Они примолкли и уставились на него свои круглыми глазами.
— Отчего я ушел и почему я здесь? — переспросил удивленно Маркел Ильич. — Я не знаю.
— Как не знаете? Вот странно-то! Ведь вы почему-нибудь же пришли сюда?
— Я пришел невольно.
— Ха-ха-ха! Невольно и без причины? Вот странно-то! Этого не может быть. Вы не хотите сказать? Ну и не надо! А кто вас прислал?
— Никто.
— Как никто? А как же вас привела Каликика?
— Я случайно нашел тетрадку и в ней…
Он не договорил, потому что случилось нечто неожиданное.
Они все три вскочили и заметались по комнате.
Фрукты попадали и покатились по полу, упал и разбился стакан.
Они метались в хаосе своих пестрых платьев и разлетающихся лент, взмахивали руками, роняли стулья и столики.
— Каликика! Каликика!

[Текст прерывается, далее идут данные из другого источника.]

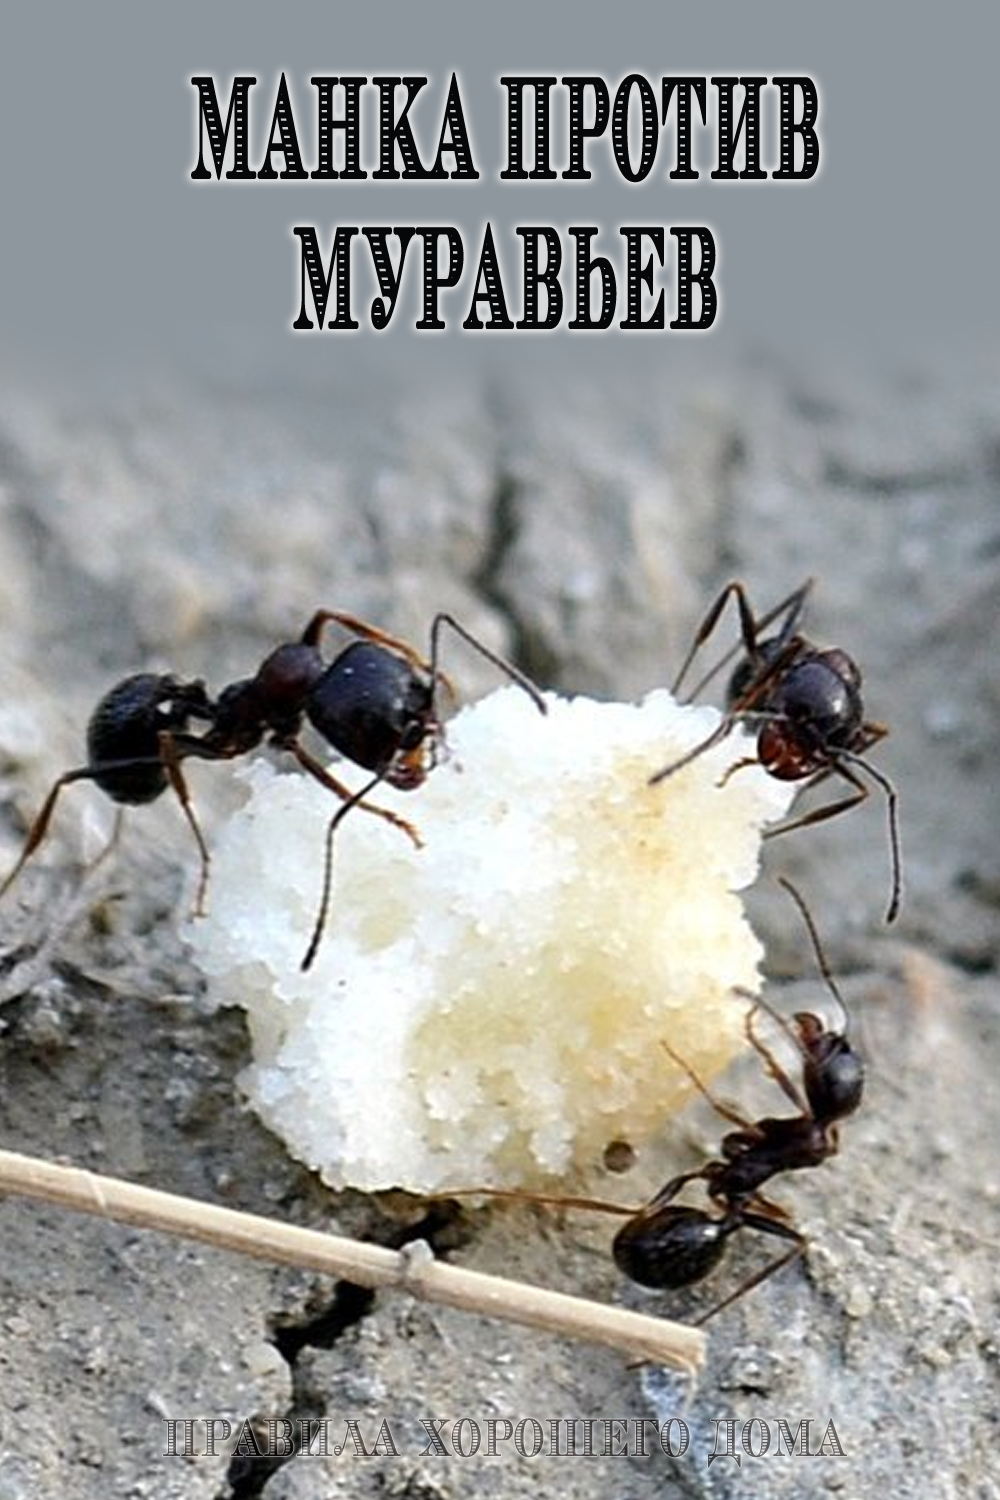 Как избавиться от муравьев на даче при помощи народных средств и ядохимикатов

Каликика! — жалобно кричали они.
Маркел Ильич вскочил с ужасом, ему казалось, что какие-то пестрые птицы бьются в комнате, наполняя ее хаосом, бросаются во все углы, жалобно выкрикивая:
— Каликика, Каликика!
Он стоял растерянно, не понимая, что случилось, когда рядом с ним раздался звонкий повелительный голос:
— Молчать! Что случилось?
Это была Каликика.
— Это не тот! Это ошибка! Это не «настоящий»!
— Брысь! На место! — сердито крикнула Каликика и, отцепив от пояса арапник, ближе подошла к Маркелу Ильичу.
Все три девушки, между тем, быстро прыгнули на диван и, крепко прижавшись друг к другу, образовали целую пеструю кучу, из которой торчали три черных головки, а глаза их с ужасом смотрели на Маркела Ильича.
— Как вы смели обидеть девочек? — спросила Каликика, и арапник в ее руке звонко щелкнул.
Она смотрела на него пристально своими удивительно светлыми глазами.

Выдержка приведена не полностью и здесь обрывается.